Gerente Médica, Gisele Nader aponta a incerteza como um grande desafio que a pandemia trouxe
Gerente Médica, Gisele Nader aponta a incerteza como um grande desafio que a pandemia trouxe
HMV/DIVULGAÇÃO/JC
Por ser um vírus novo, uma analogia que se pode fazer ao trabalho dos profissionais da saúde é ao do mecânico que precisa trocar o pneu de um carro em movimento. Não há muito tempo para análise, na medida em que o problema já está posto.
"No mundo inteiro, estamos aprendendo com o vírus. Aprendendo no dia a dia", diz o chefe do Serviço de Pneumologia do HMV, Marcelo Gazzana. A constatação é reforçada pela gerente Médica do hospital, Gisele Nader Bastos. "O avião está no ar e estamos tentando achar um pouso mais seguro. Mudamos e a decisão de hoje pode não ser a decisão de amanhã", aponta.
O tratamento para pacientes que chegam com pneumonia, um indicativo de infecção por coronavírus, começa com o uso de antibióticos. Na medida em que os resultados dos exames ficam prontos, a equipe médica exclui outras possibilidades de doenças até que se chegue ao diagnóstico de Covid-19. "A principal medida hoje é monitorar o paciente, acompanhá-lo e agir conforme o desenvolvimento da doença", explica Gazzana.

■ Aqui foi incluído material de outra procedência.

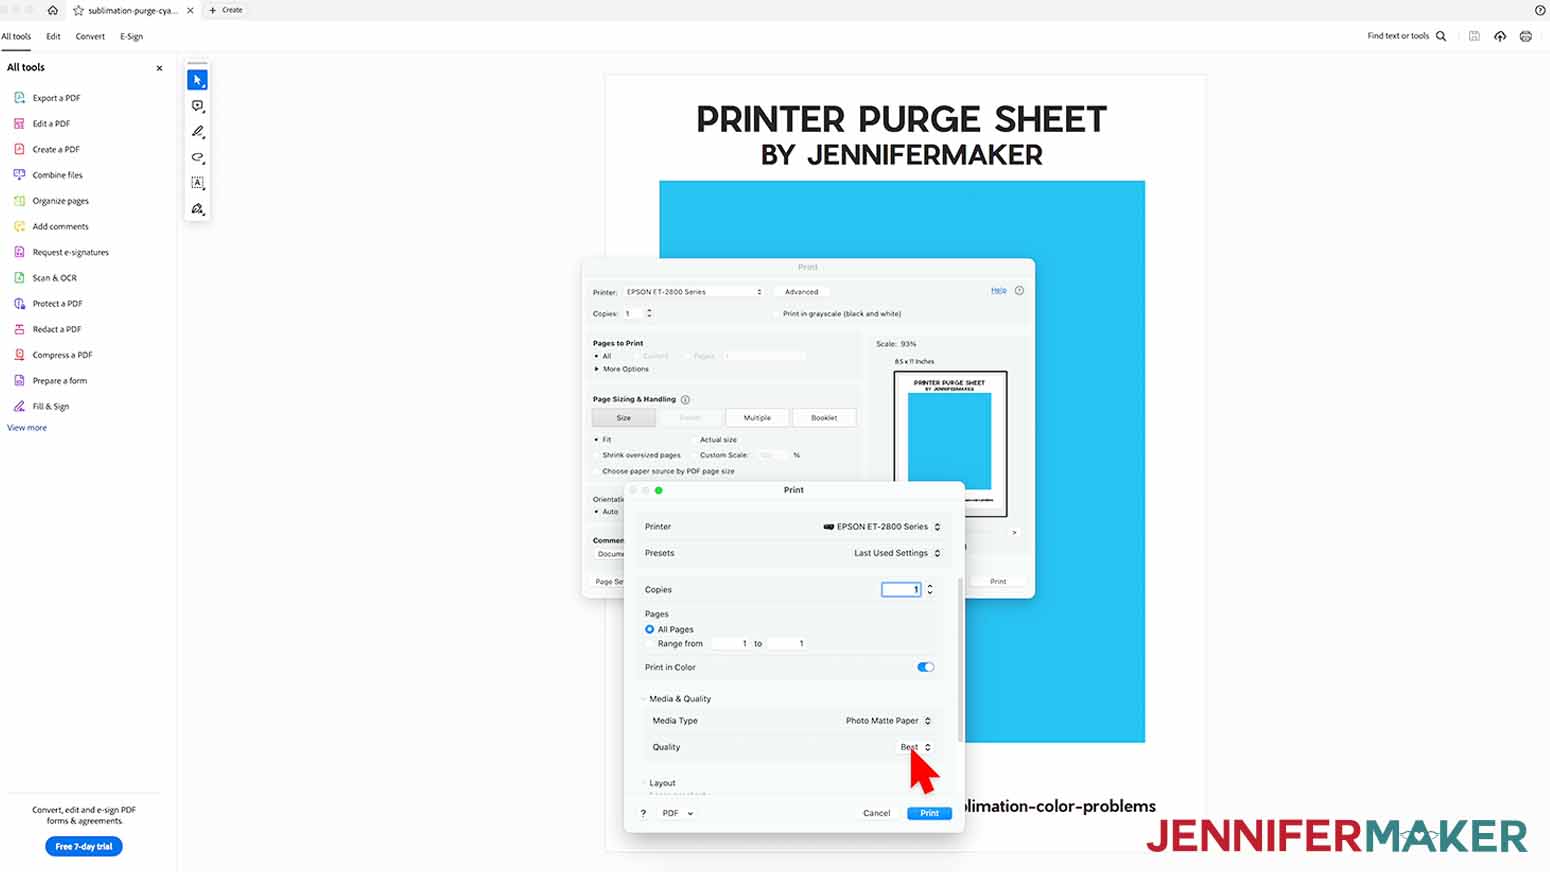 In the Print dialog box, make sure your sublimation printer is selected in the printer dropdown menu and that the design is set to print using color ink. Adjust the controls to your usual sublimation settings. Use the best quality options available.

O Moinhos de Vento instalou seu Comitê de Enfrentamento ao Coronavírus logo que o primeiro caso da doença foi confirmado no Brasil, em 26 de fevereiro. Protocolos de ação específicos para cada área foram criados. Além disso, os fluxos de atendimento dos pacientes foram modificados. Os profissionais que atendem pacientes com Covid-19, por sua vez, passaram a usar equipamentos de proteção diferenciados. "Mudamos a entrada dos pacientes para os consultórios, separamos as cadeiras nas recepções, espaçamos horários de consultas, suspendemos cirurgias eletivas. Colocamos muita gente em home office e criamos programas para apoiar nossos colaboradores", destaca Gisele. O hospital também restringiu as visitas e exigiu o uso obrigatório de máscara para quem for acompanhar pacientes.
Até quarta-feira, 94 dos 159 pacientes com teste positivo para Covid-19 que passaram pelo hospital necessitaram de internação. A gerente médica aponta que a pandemia irá deixar legados para o hospital. O primeiro é a telemedicina, que teve rápido avanço em um curto período de tempo. O segundo é o laboratório próprio, coisa que o Moinhos não tinha. "Do ponto de vista prático, na operação, acho que, assim como na casa da gente, onde aprendemos que o sapato fica na rua, nós mudamos a cultura de segurança. Fizemos muitos treinamentos. É um hábito que certamente vai reduzir o número de infecções hospitalares."
Outra preocupação é com a saúde dos profissionais que atuam na linha de frente. Segundo Gisele, o Moinhos tem trabalhadores que contraíram o vírus, mas apenas uma médica se contaminou no ambiente intra-hospitalar. "Não temos nenhum caso de colaborador em estado grave. Fiz terça-feira uma reunião com a Universidade Johns Hopkins, nossa afiliada, e perguntamos o que eles estavam fazendo em caso de afastamento profissional. Lá, estão pedindo para retornar em sete ou, no máximo, dez dias. Aqui, estamos conseguindo manter 14 dias de afastamento e ainda esperar dois exames negativos para a volta", ressalta.
Gisele, que já foi gerente médica do Hospital da Restinga e aponta a construção e a operação da estrutura como o grande desafio de sua carreira até então, acredita que a Covid-19 trouxe um novo elemento que dificulta o trabalho médico. "Esse de agora é o maior desafio que já enfrentei tendo muita incerteza. Na Restinga, tinha um planejamento, sabia que precisava de tantos médicos para tantos leitos, tantas camas, tantos ventiladores. Agora não. Agora vivemos um momento muito delicado, porque há a incerteza", conclui.